● **Work required**
Each line below needs to be returned exactly. Skip any picture.

● **Supplied material**
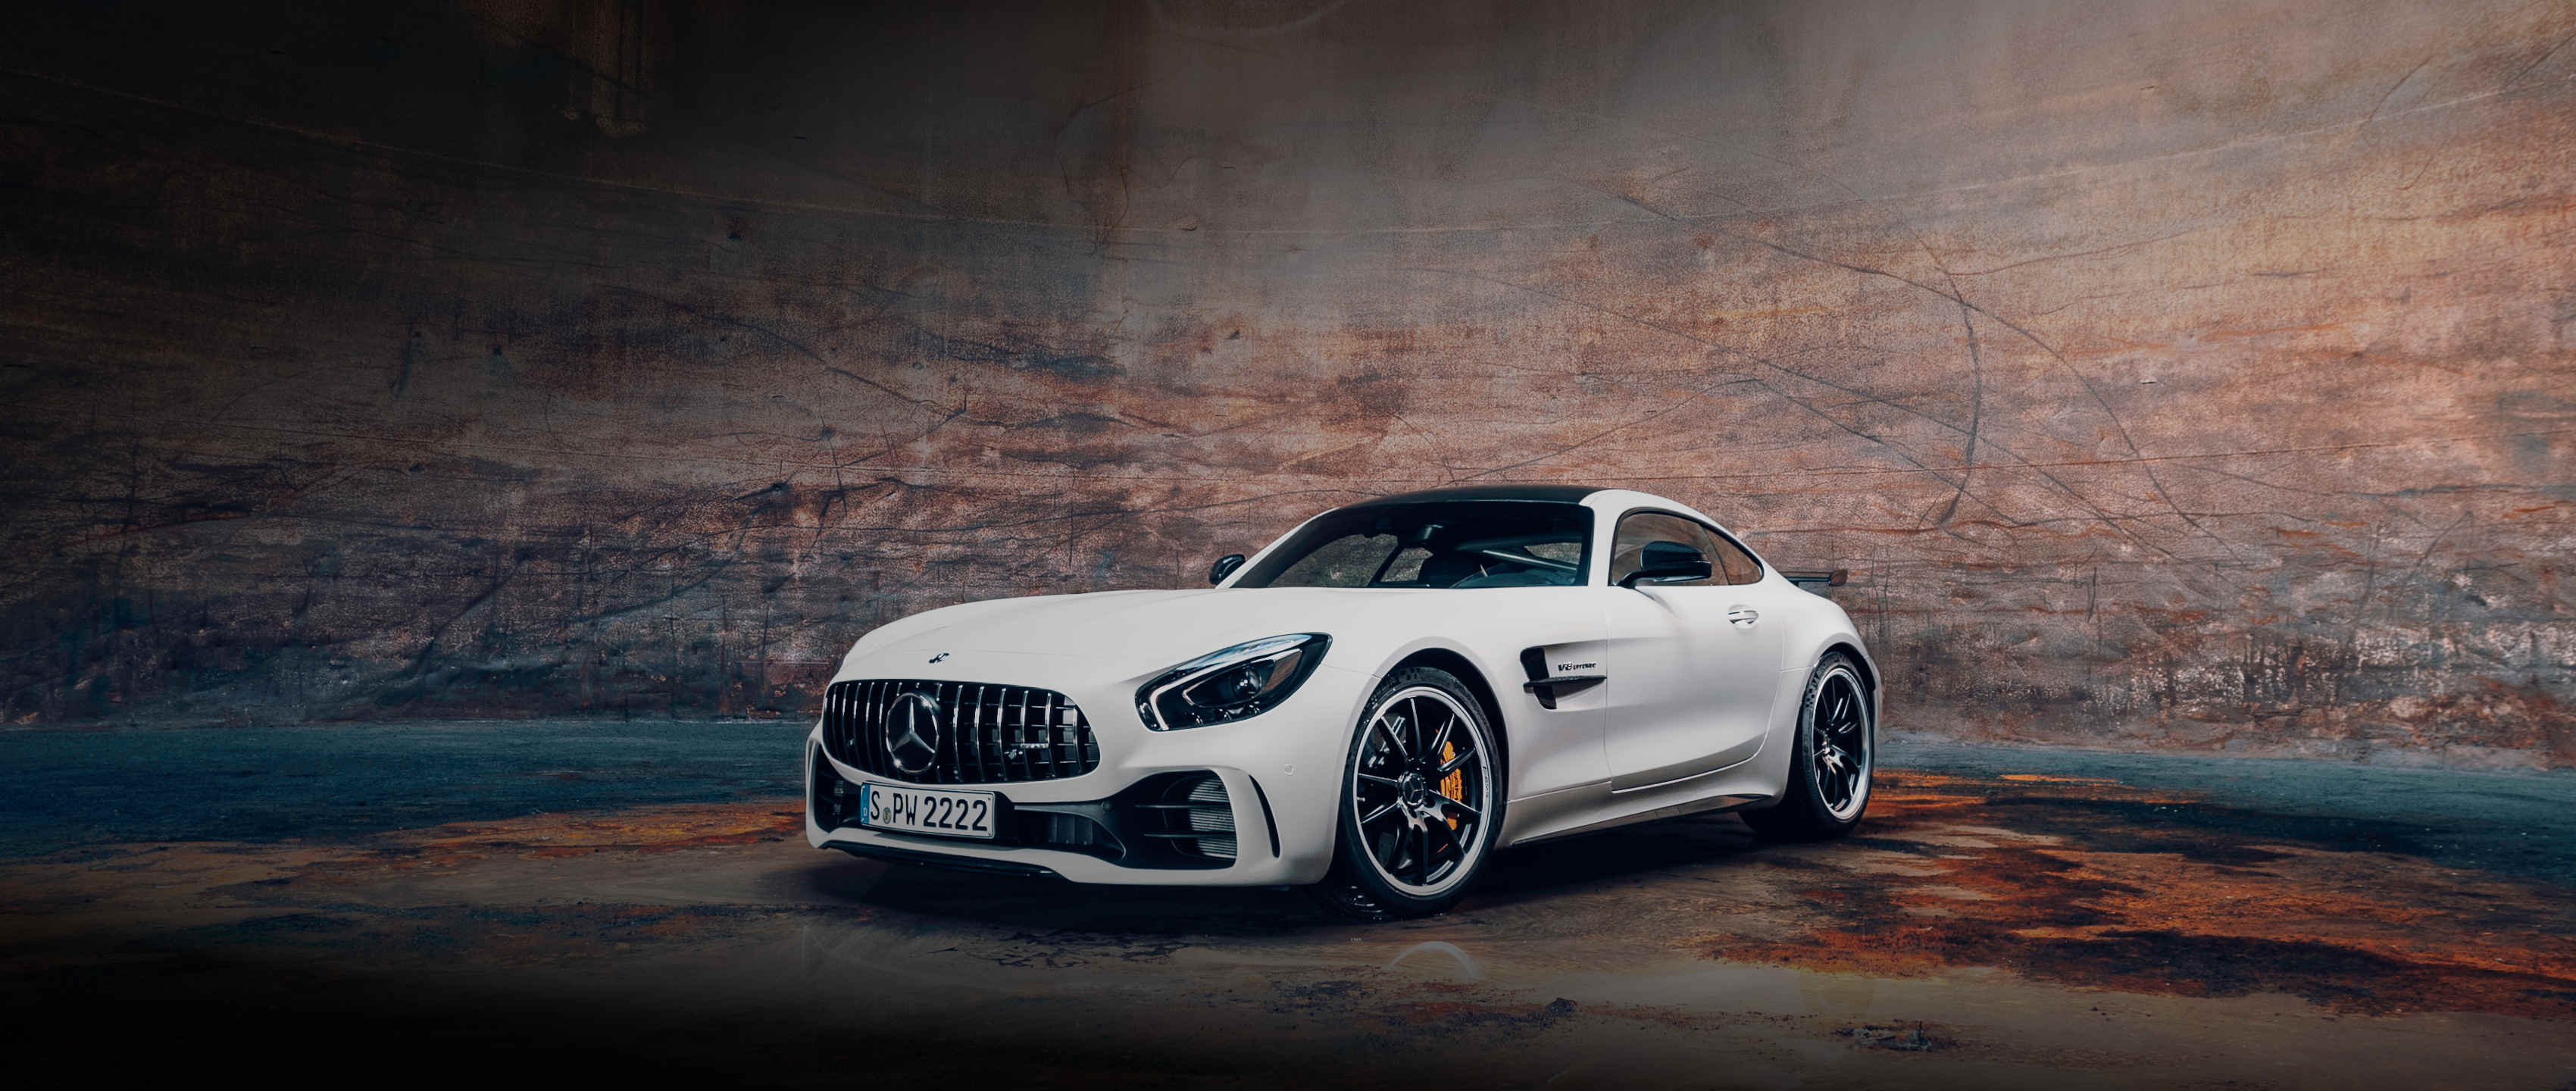 Amg Gt Wallpapers Top Free Amg Gt Backgrounds Wallpaperaccess
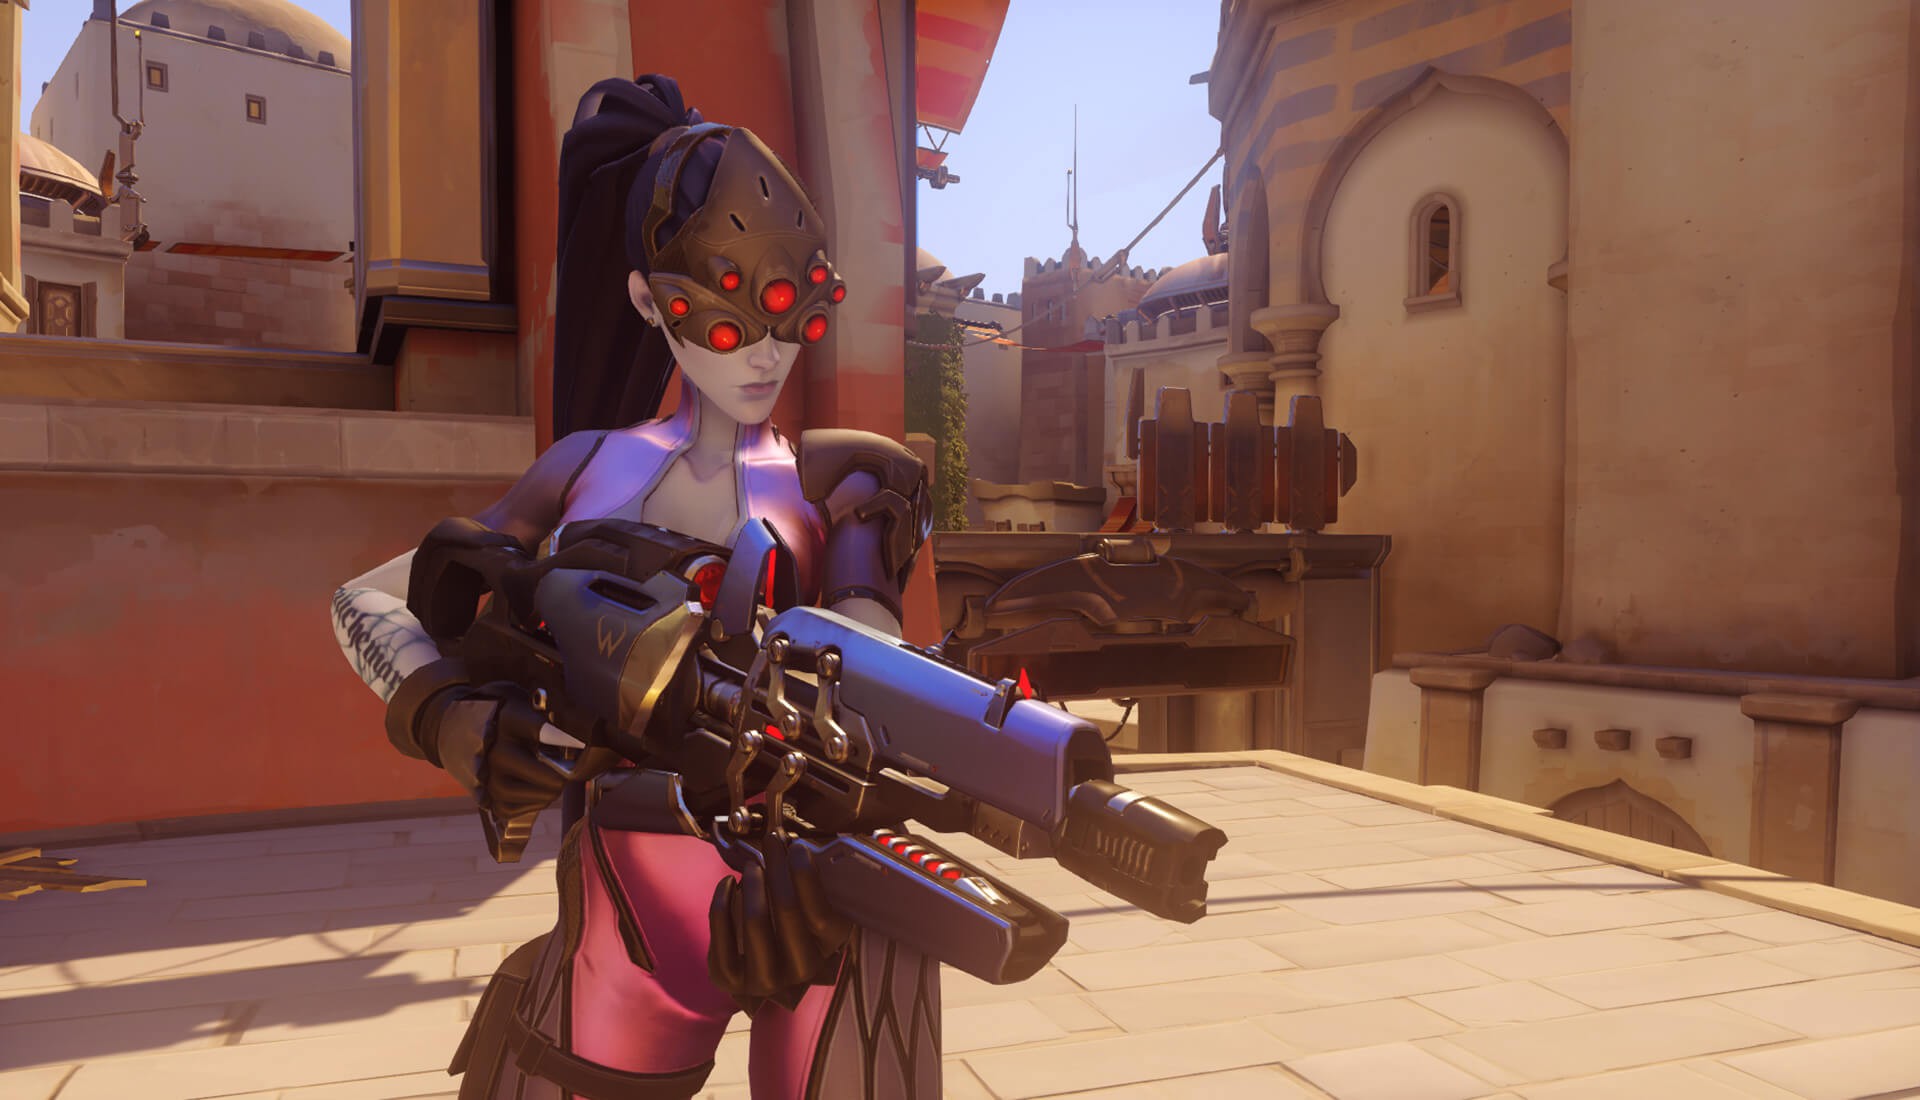 Account Boosting in Overwatch and more now illegal in South Korea
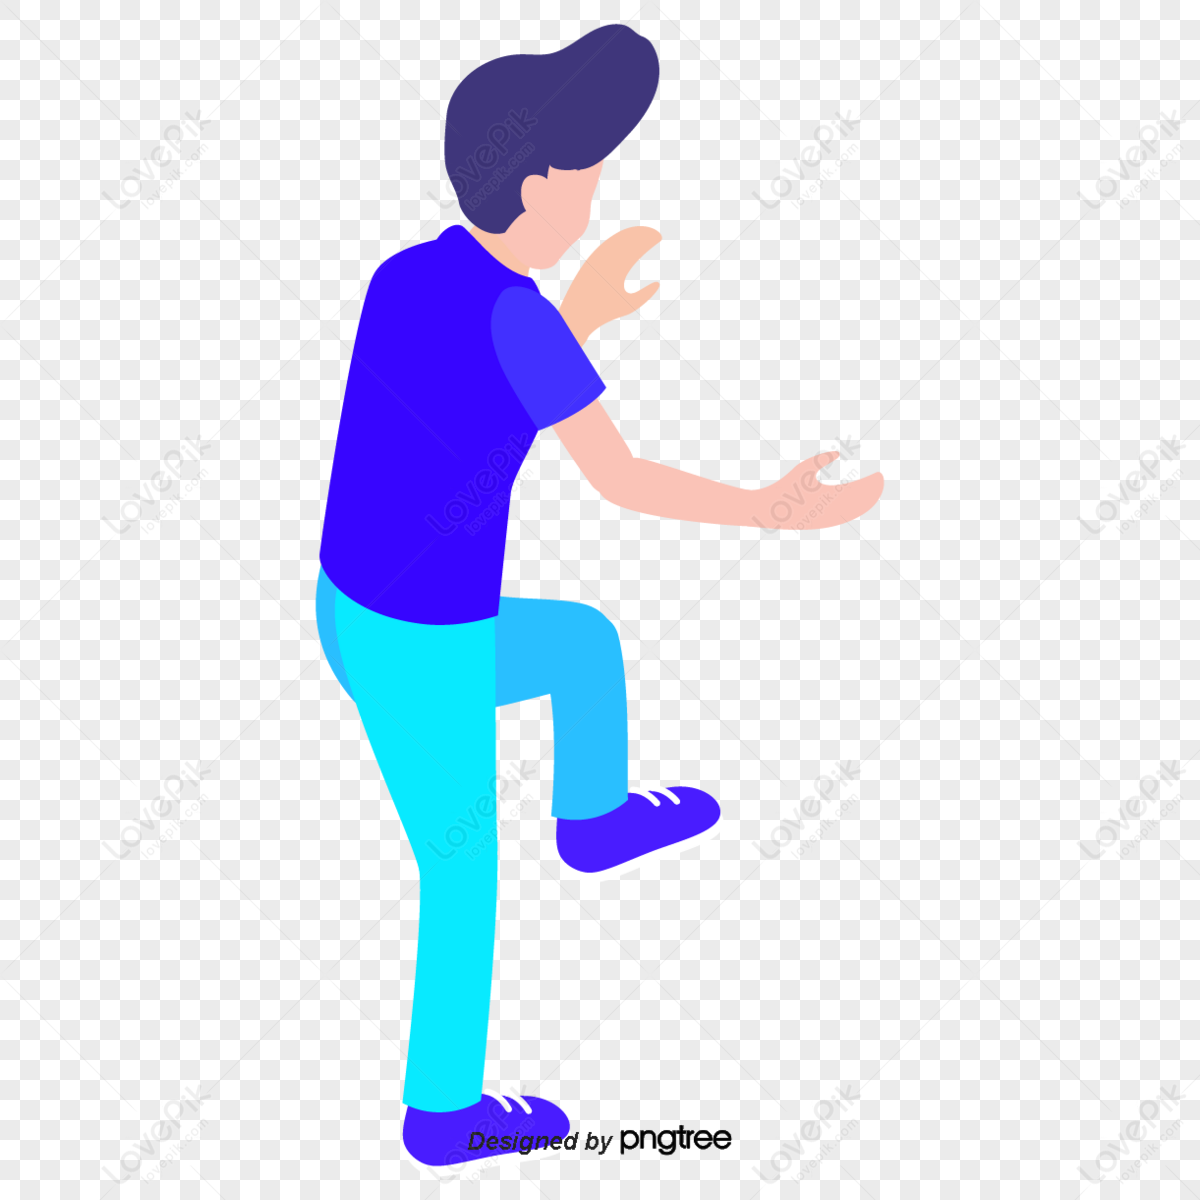 Walking PNG Images With Transparent Background

● **Answer to the problem**
 Amg Gt Wallpapers Top Free Amg Gt Backgrounds Wallpaperaccess
 Account Boosting in Overwatch and more now illegal in South Korea
 Walking PNG Images With Transparent Background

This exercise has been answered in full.